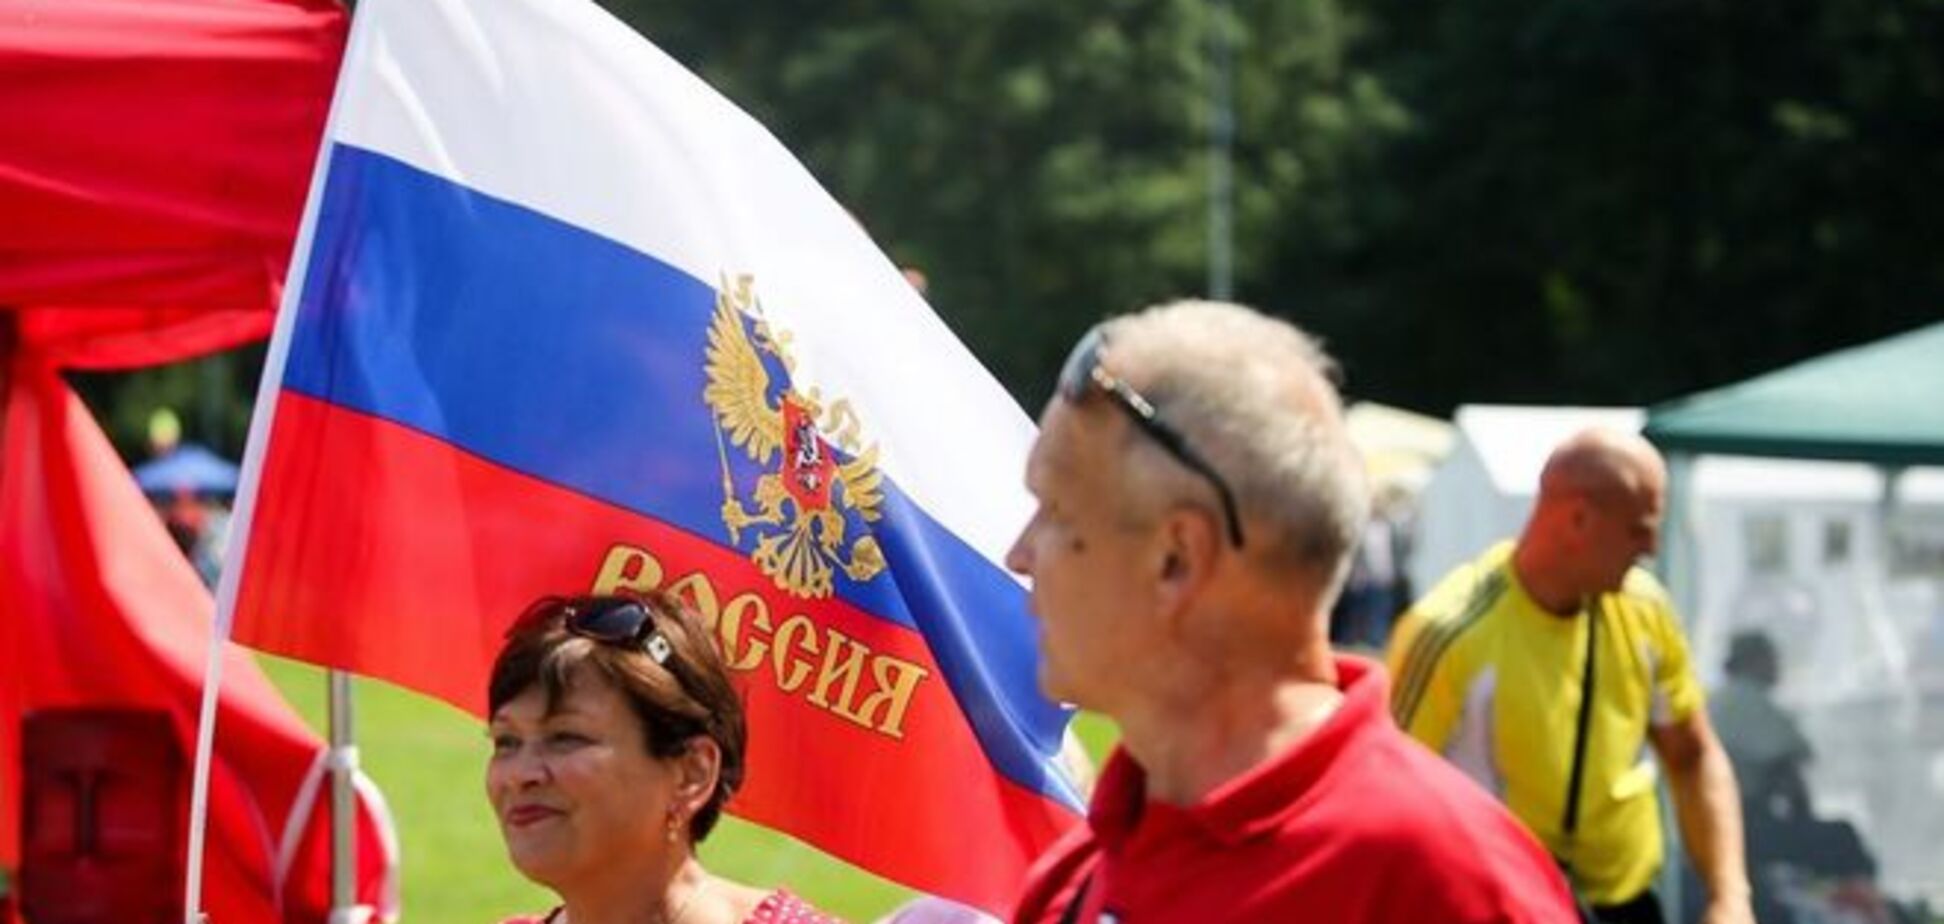 'Это аморально': литовский депутат осудил праздник русской культуры в Вильнюсе
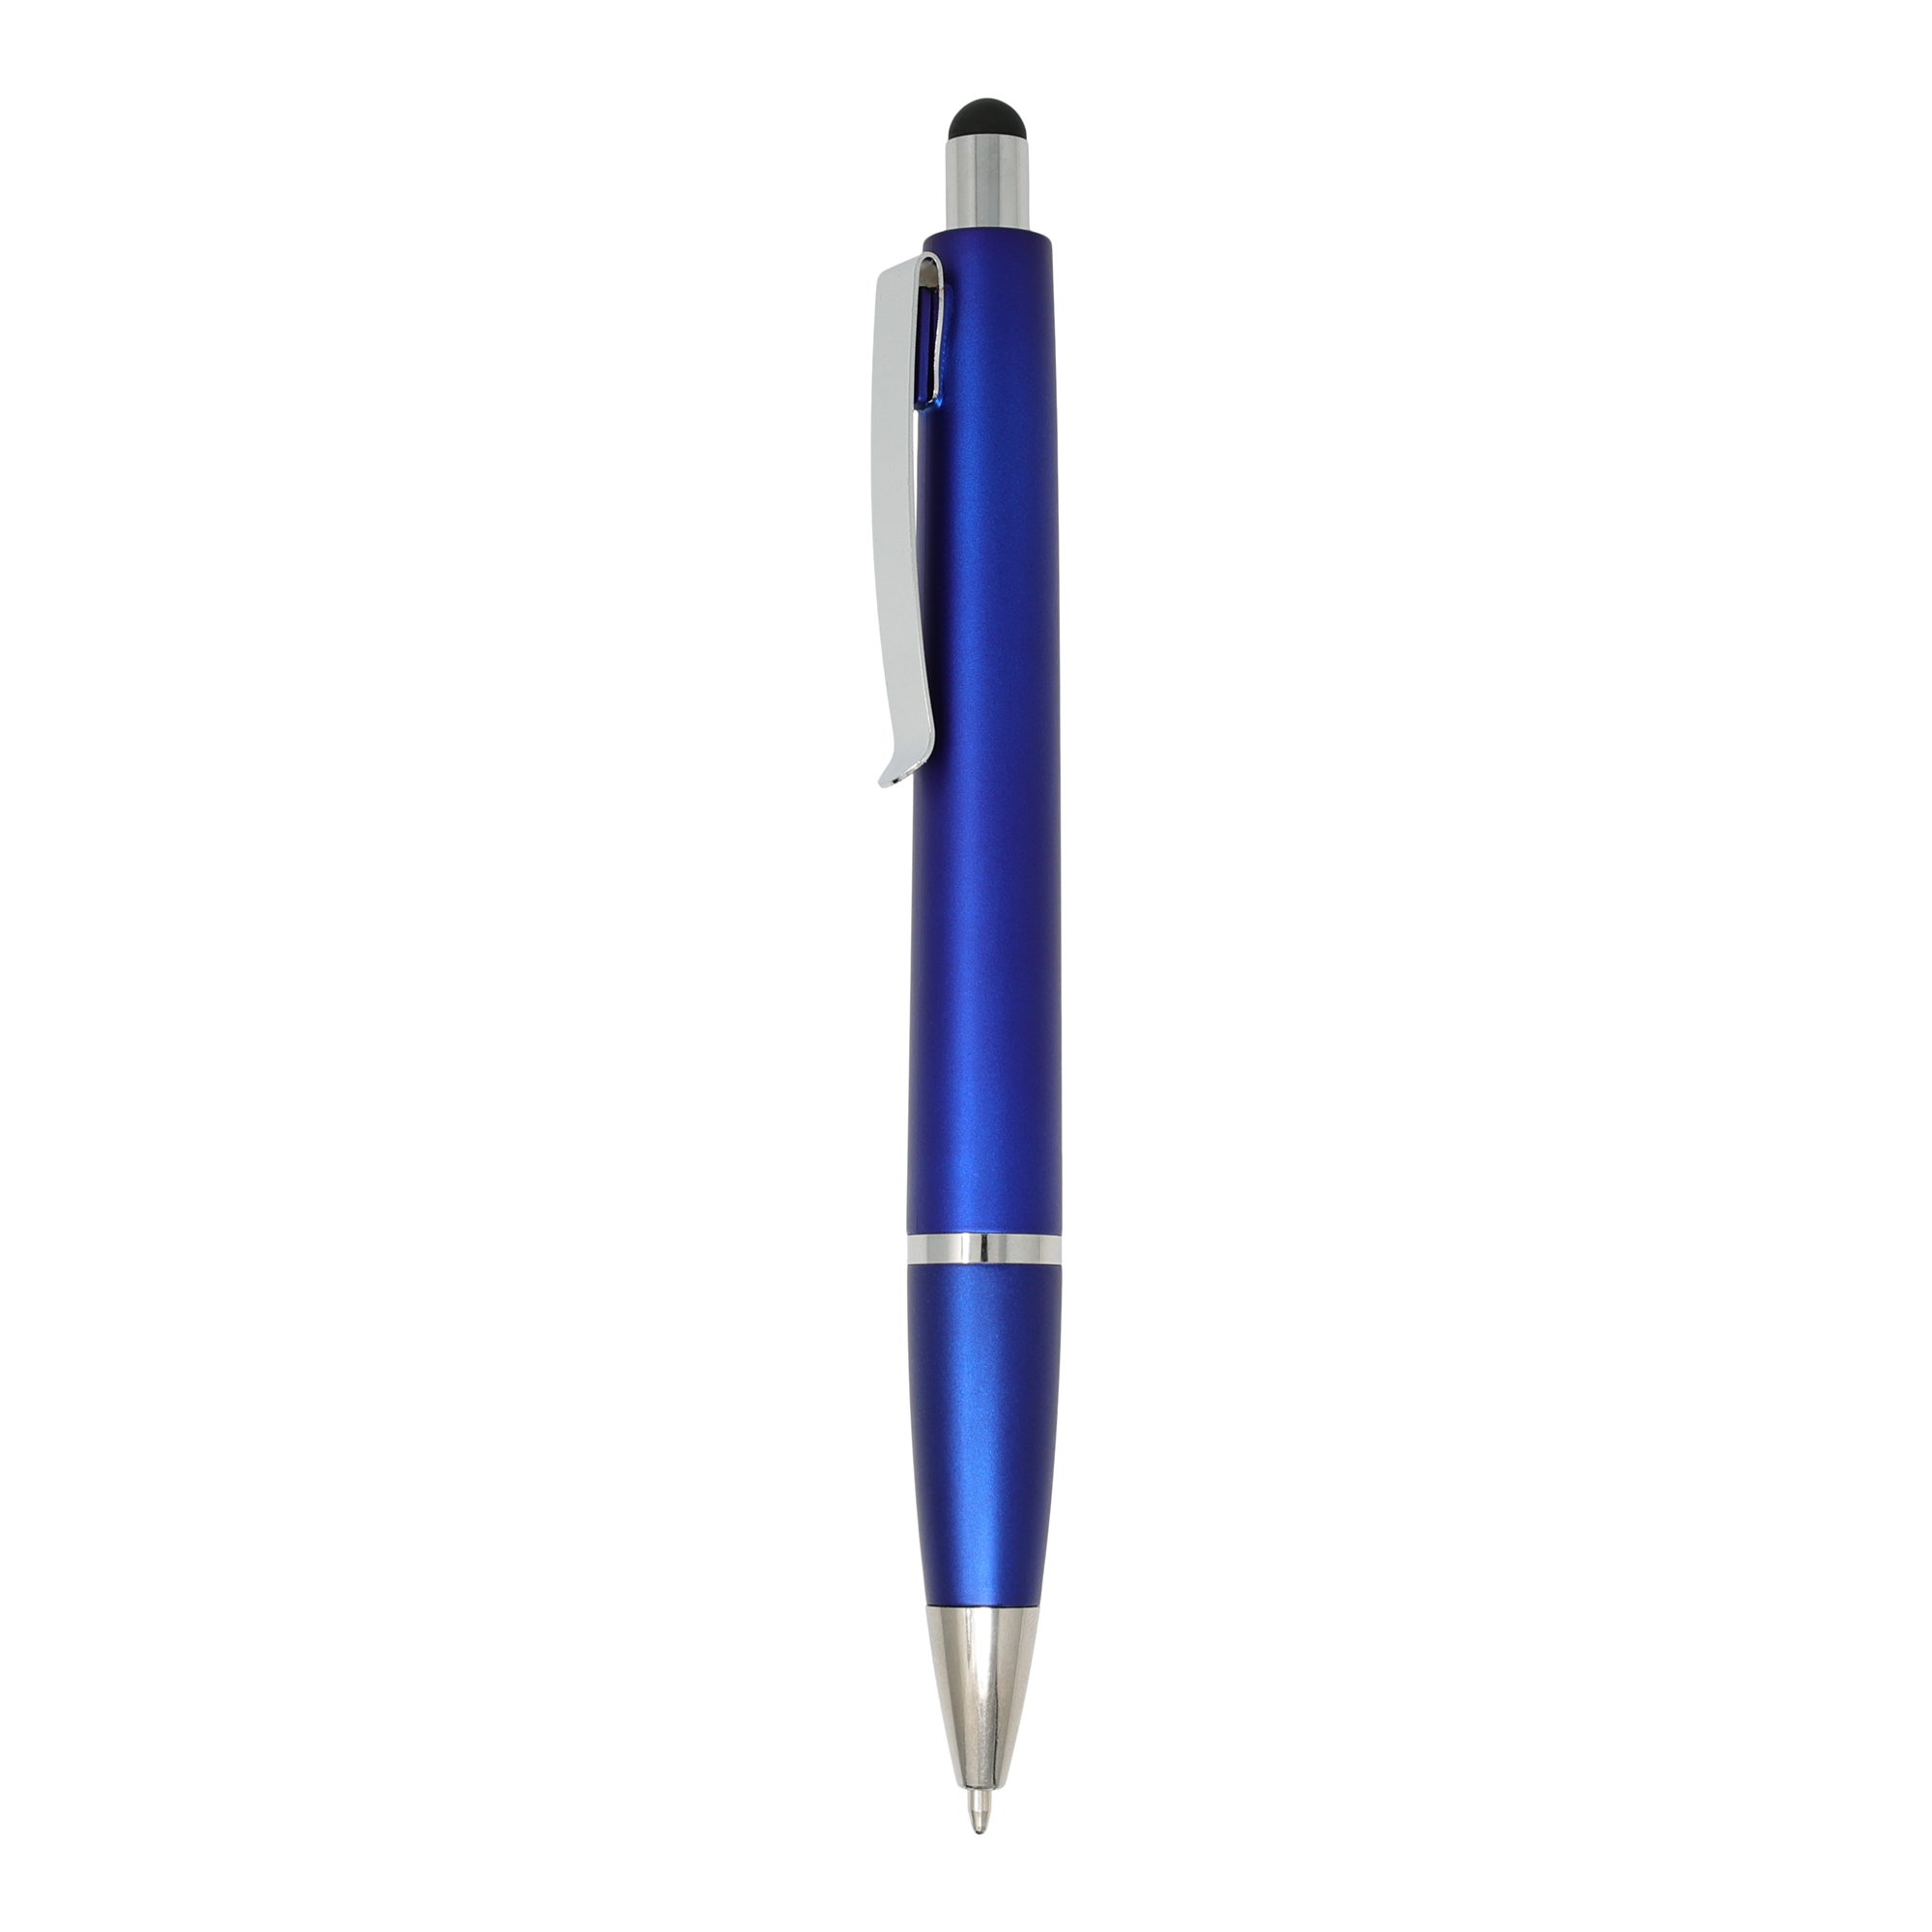 Bolígrafo con luz y puntero Styled
Color azul y plateado

* * *

If the listing above includes images, copy every line of it exactly except those images.

 'Это аморально': литовский депутат осудил праздник русской культуры в Вильнюсе
 Bolígrafo con luz y puntero Styled
Color azul y plateado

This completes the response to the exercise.